## Records for the exercise
************
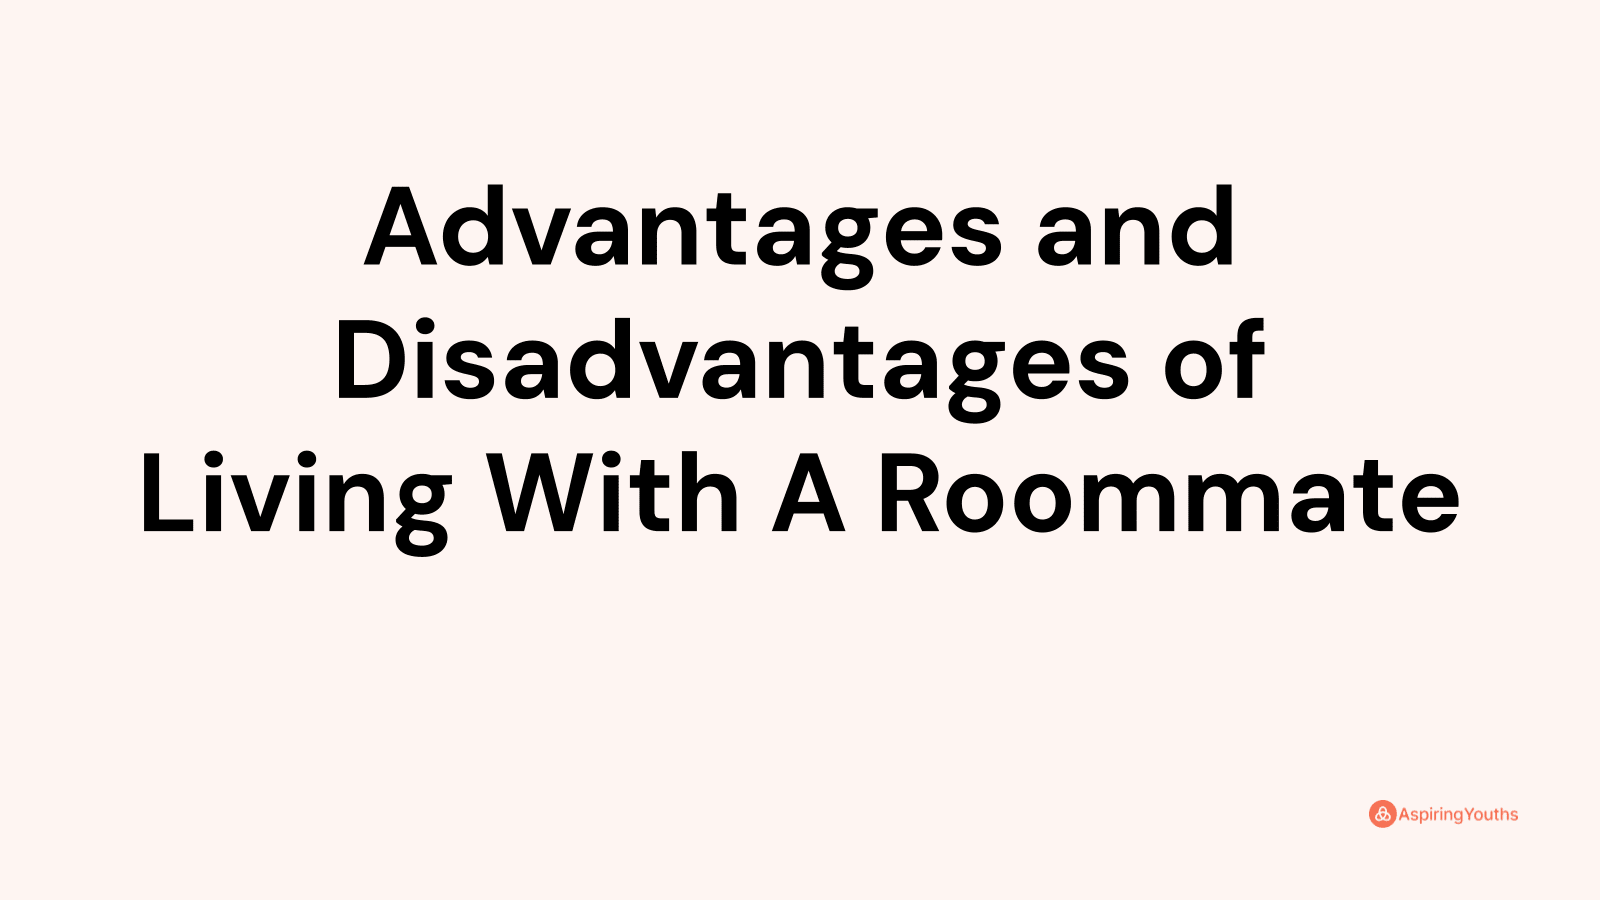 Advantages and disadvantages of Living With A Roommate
************
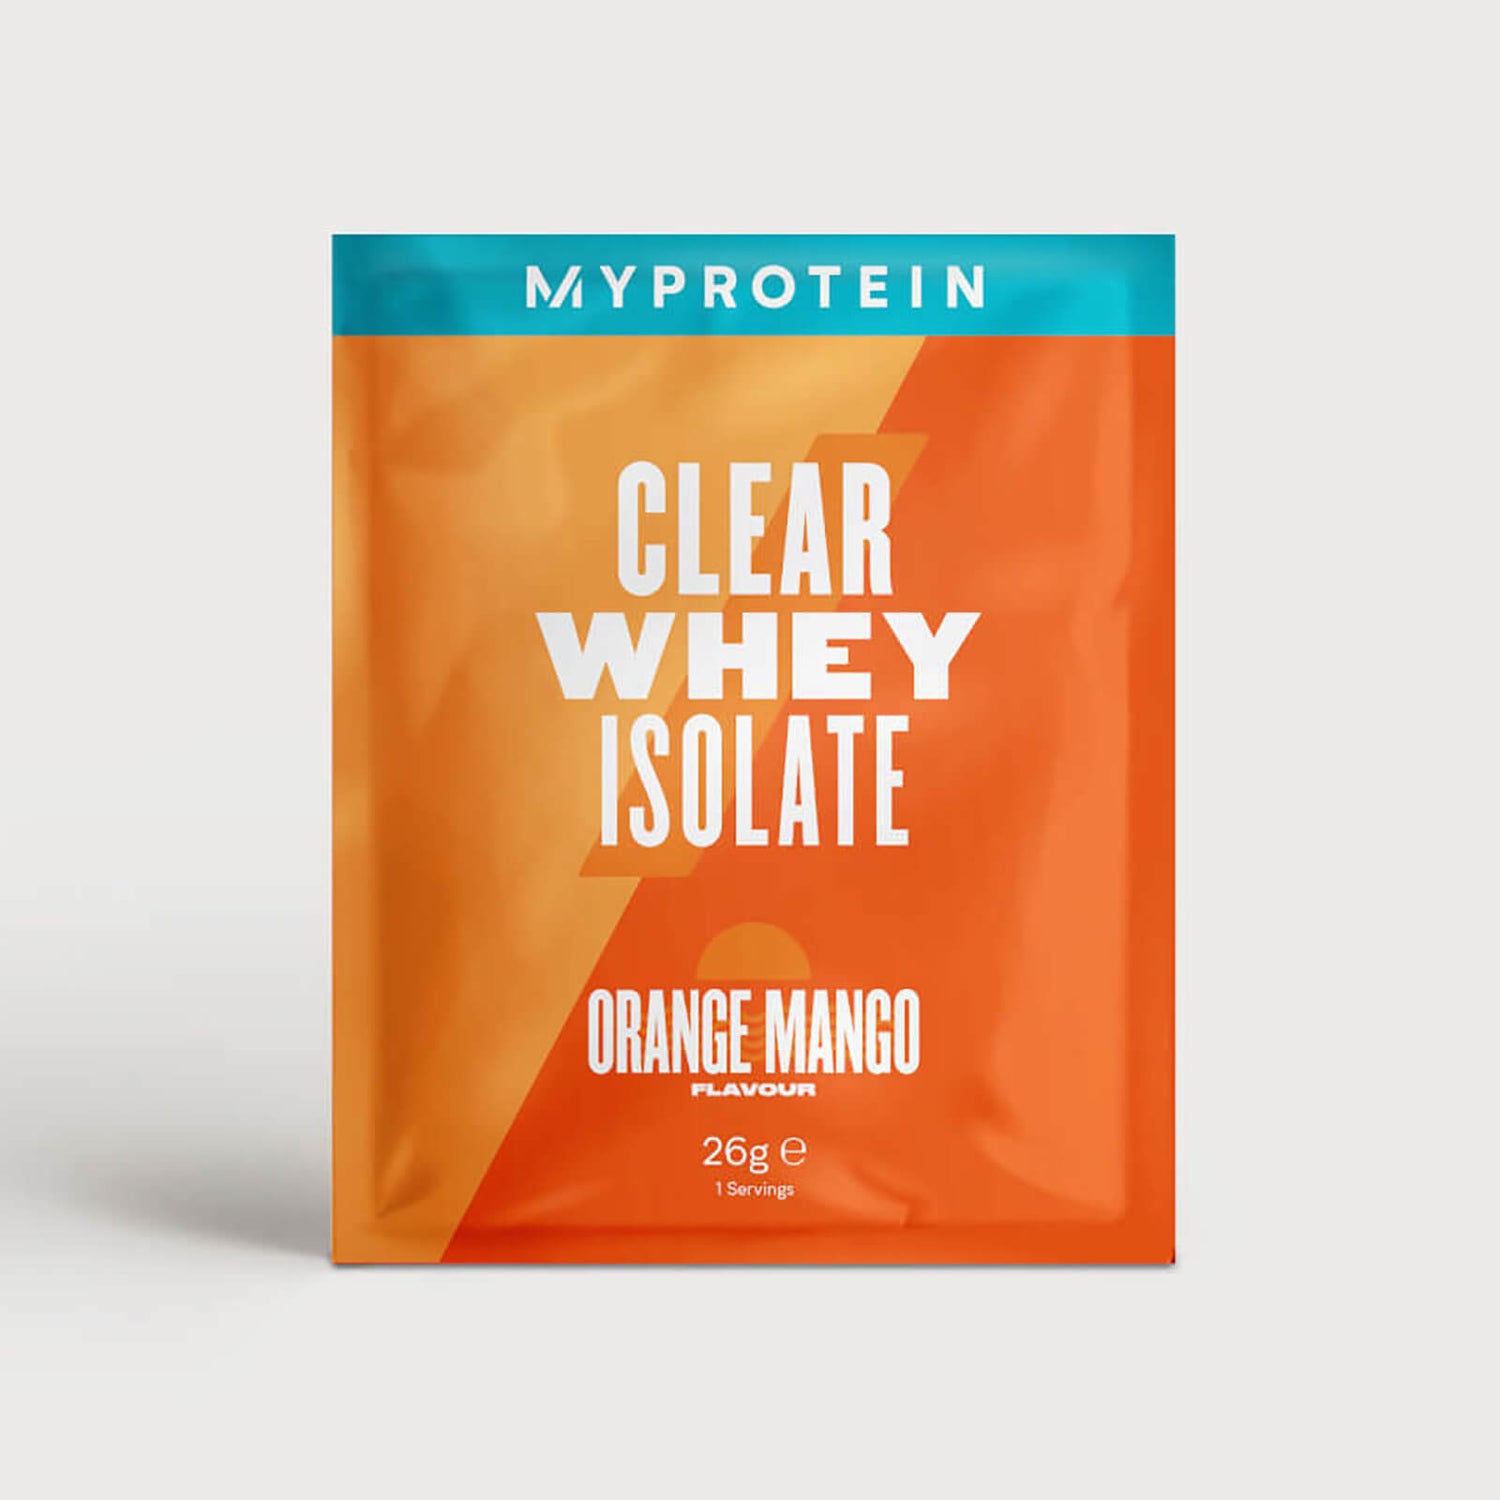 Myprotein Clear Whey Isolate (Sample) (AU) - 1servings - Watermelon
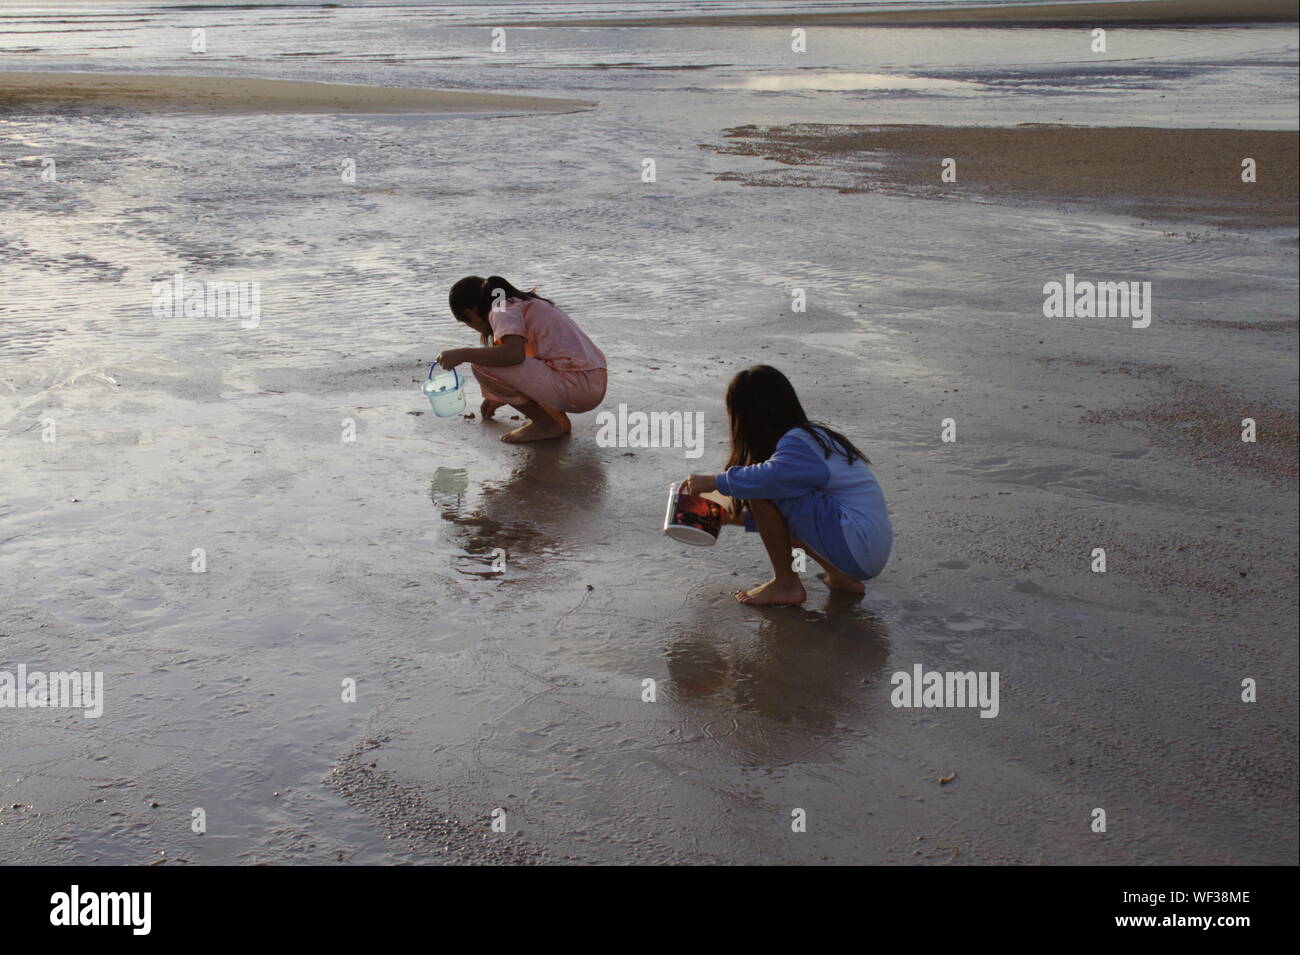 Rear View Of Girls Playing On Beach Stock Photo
************
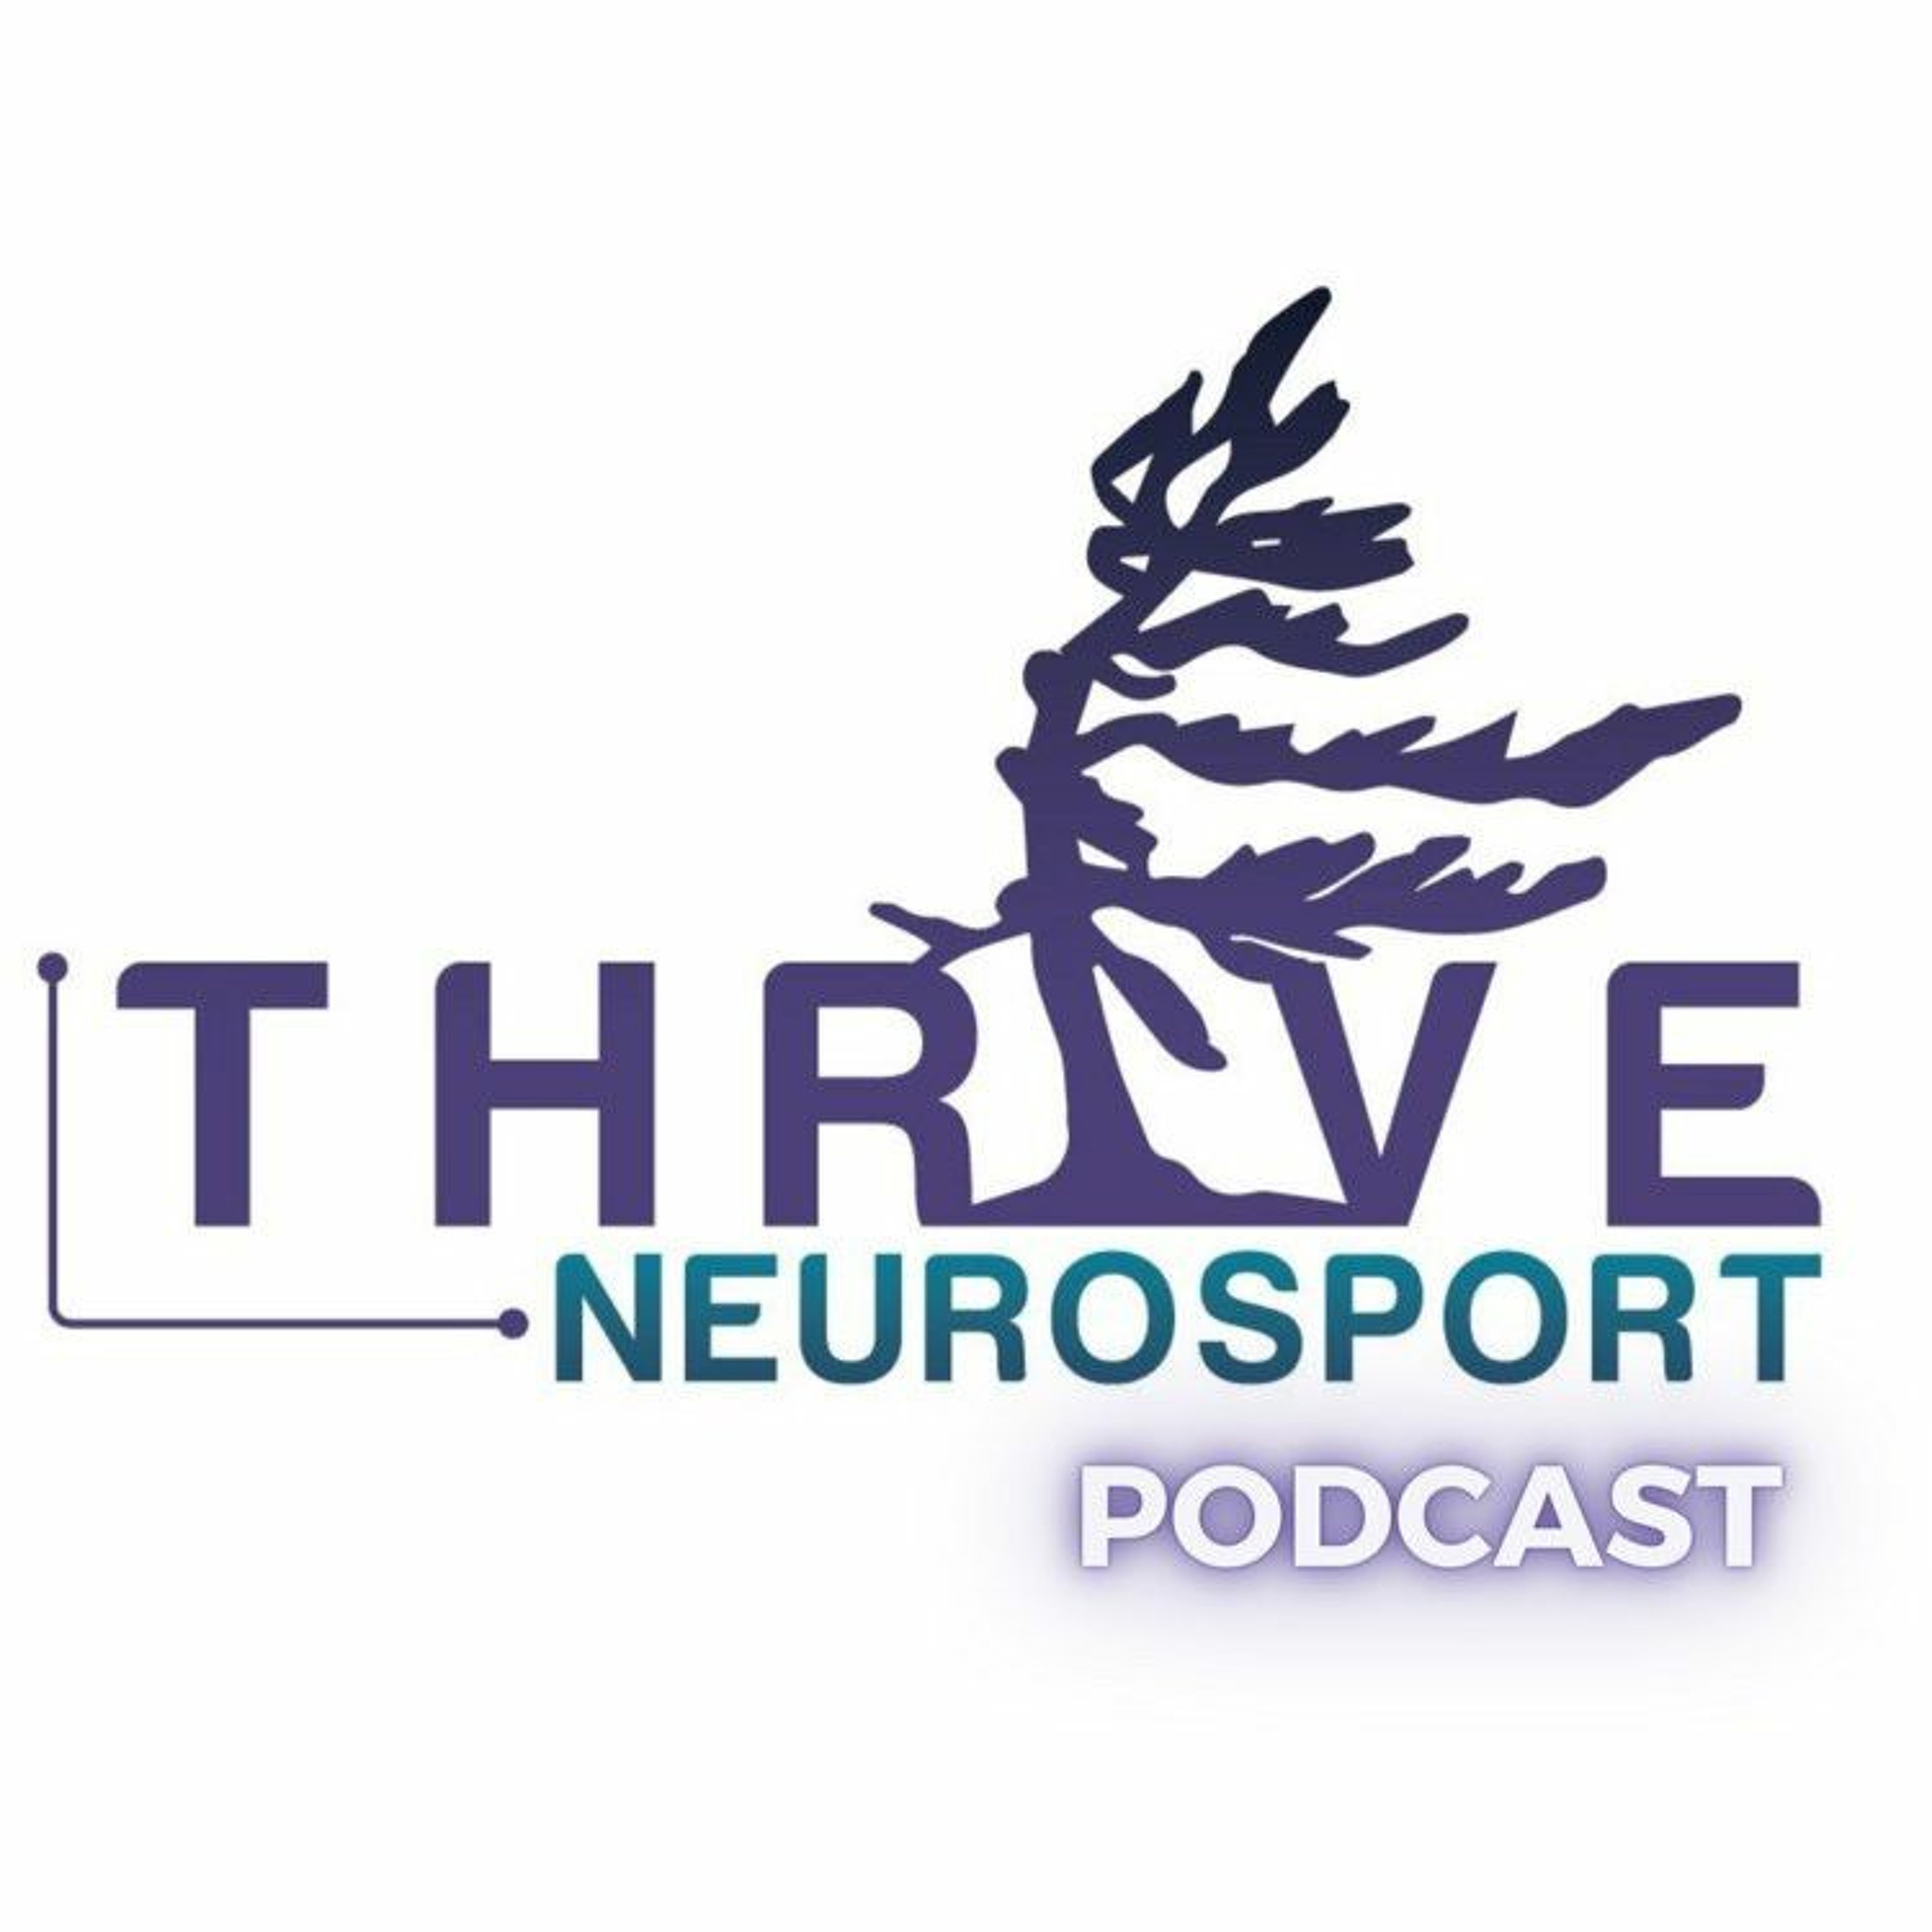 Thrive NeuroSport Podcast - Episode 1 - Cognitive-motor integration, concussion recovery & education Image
************
## Goal of the exercise
In the listing above, find the line containing "Myprotein Clear Whey" and the line containing "Rear View Of", then write out both of them and every line between, exactly, with no pictures.

## Task solution
 Myprotein Clear Whey Isolate (Sample) (AU) - 1servings - Watermelon
 Rear View Of Girls Playing On Beach Stock Photo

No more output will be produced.